People that are changing for the better are great.  In fact I encourage it.  I just wouldn't marry them.  There is nothing wrong with having a requirement / high bar for those to whom you are committing the rest of eternity, your children, livelihood, etc, etc,etc......

What you are saying is technically true.  We should carefully choose our spouse because of the effect they will have upon our destiny.

However, I offer the forum a cautionary tale about strict checklists regarding choosing a wife.

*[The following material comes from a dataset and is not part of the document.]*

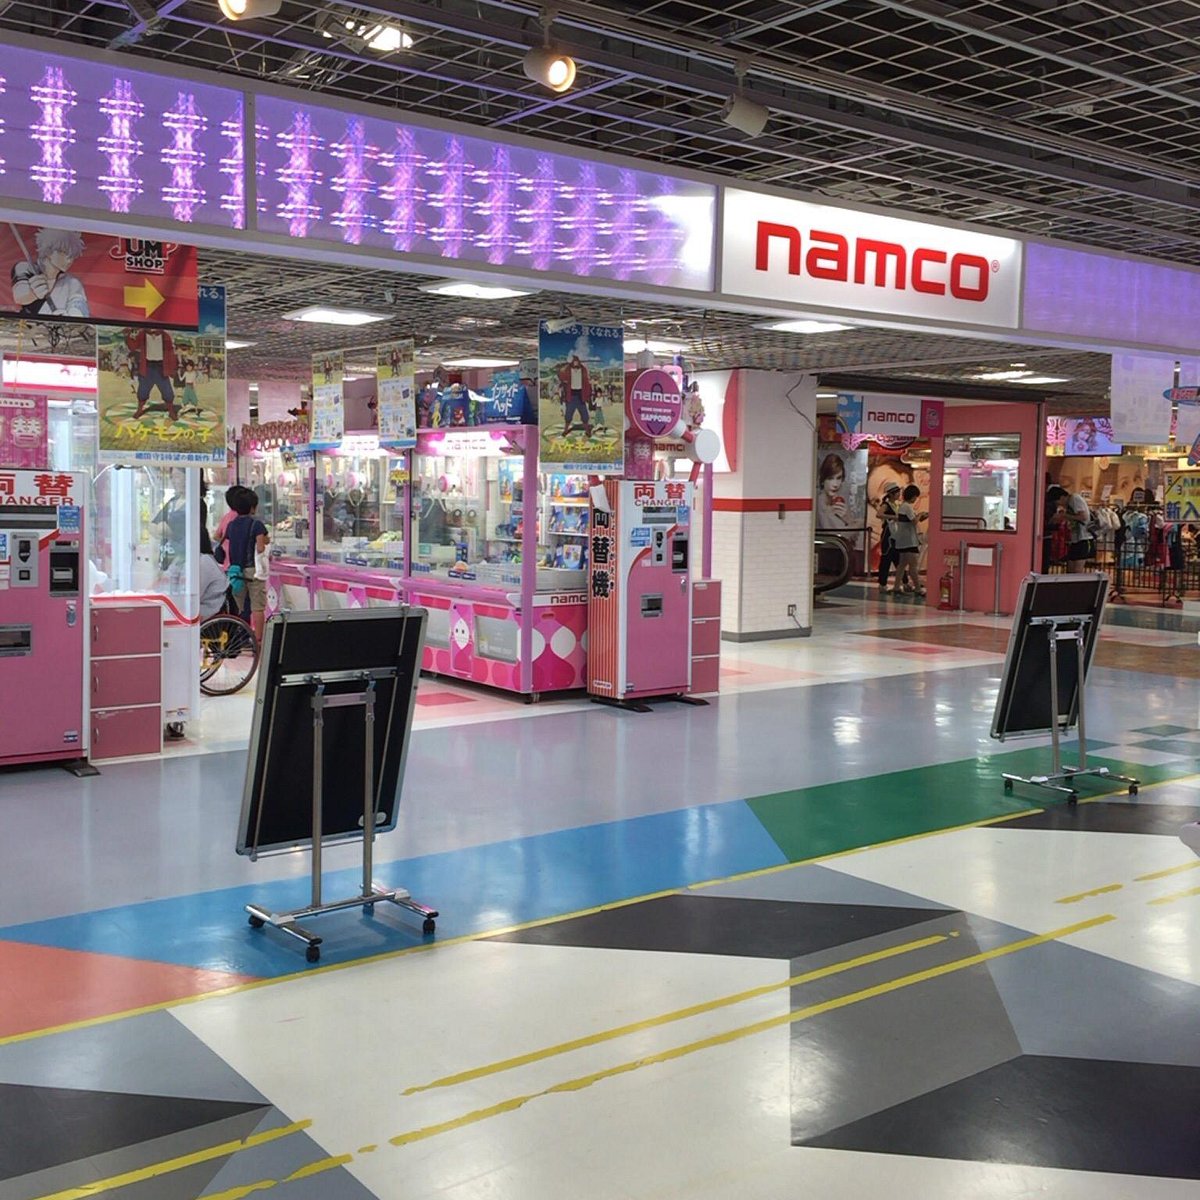 22年 Namco札幌エスタ店 行く前に 見どころをチェック トリップアドバイザー
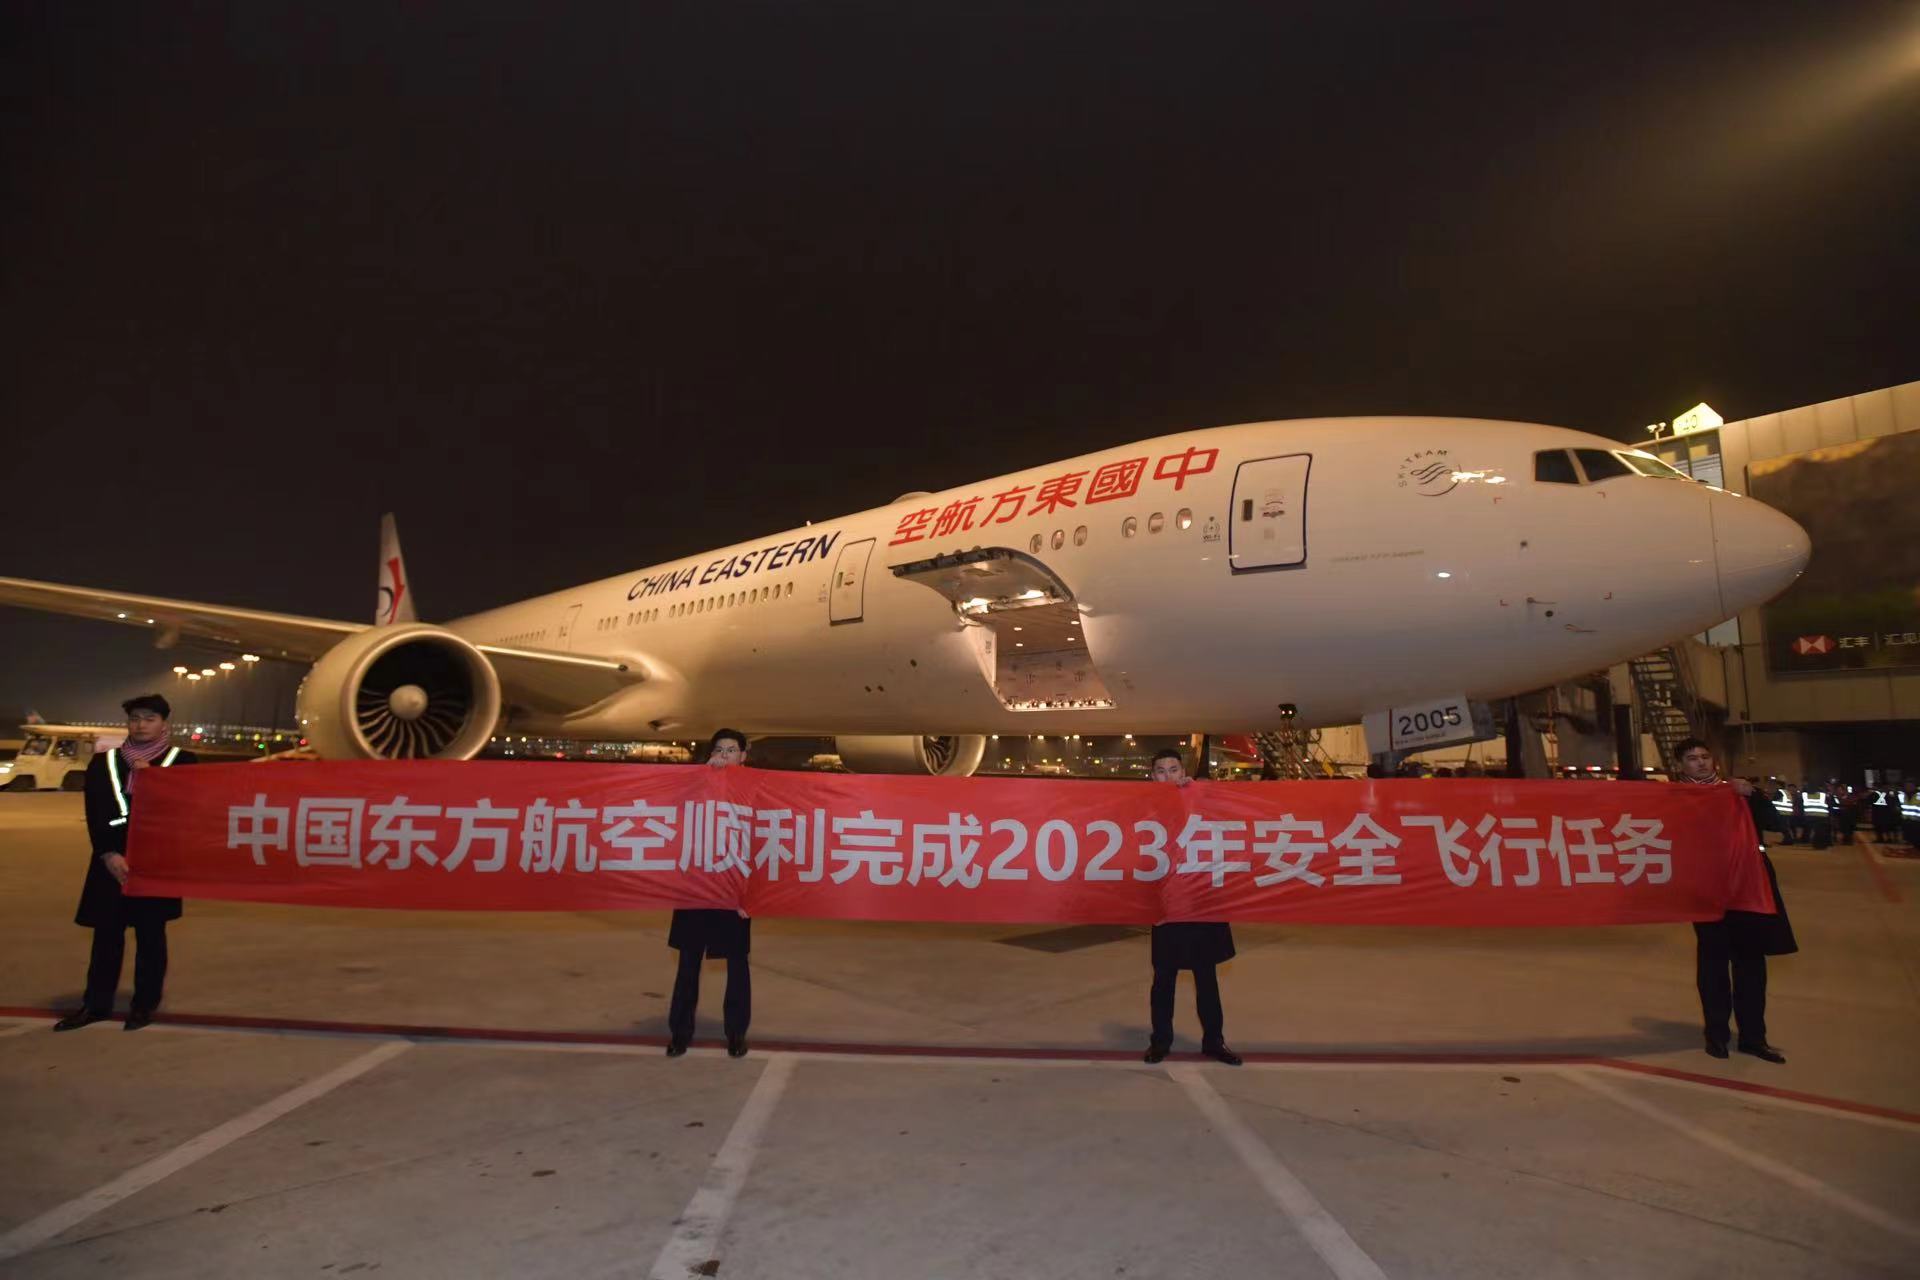 东航2023年航班生产运行顺利收官:全球首家投运C919,承运旅客重回亿人次台阶

I knew a man once many years ago who had a checklist for the ideal wife.  He said he would absolutely never marry a girl who was overweight, too short, too tall, too this, too that, or had any baggage whatsoever.  Never mind the fact that this guy was not particularly handsome or charming, he felt like he deserved the perfect wife.  Several girls in the singles ward were interested in dating him, and over and over he trampled on their feelings, rejecting them because they weren't fit enough, or weren't this, or weren't that.  

Well, this guy never found his ideal trophy wife.  He is now 40 years old, still single and still alone, and now much less attractive than he once was.  I am not sure he has ever been in a serious relationship.

I know his choice of wife is no one's business but his own.  However, I can't help but to feel sorry for the guy - he kind of blew it.  His foolish pride was his own downfall.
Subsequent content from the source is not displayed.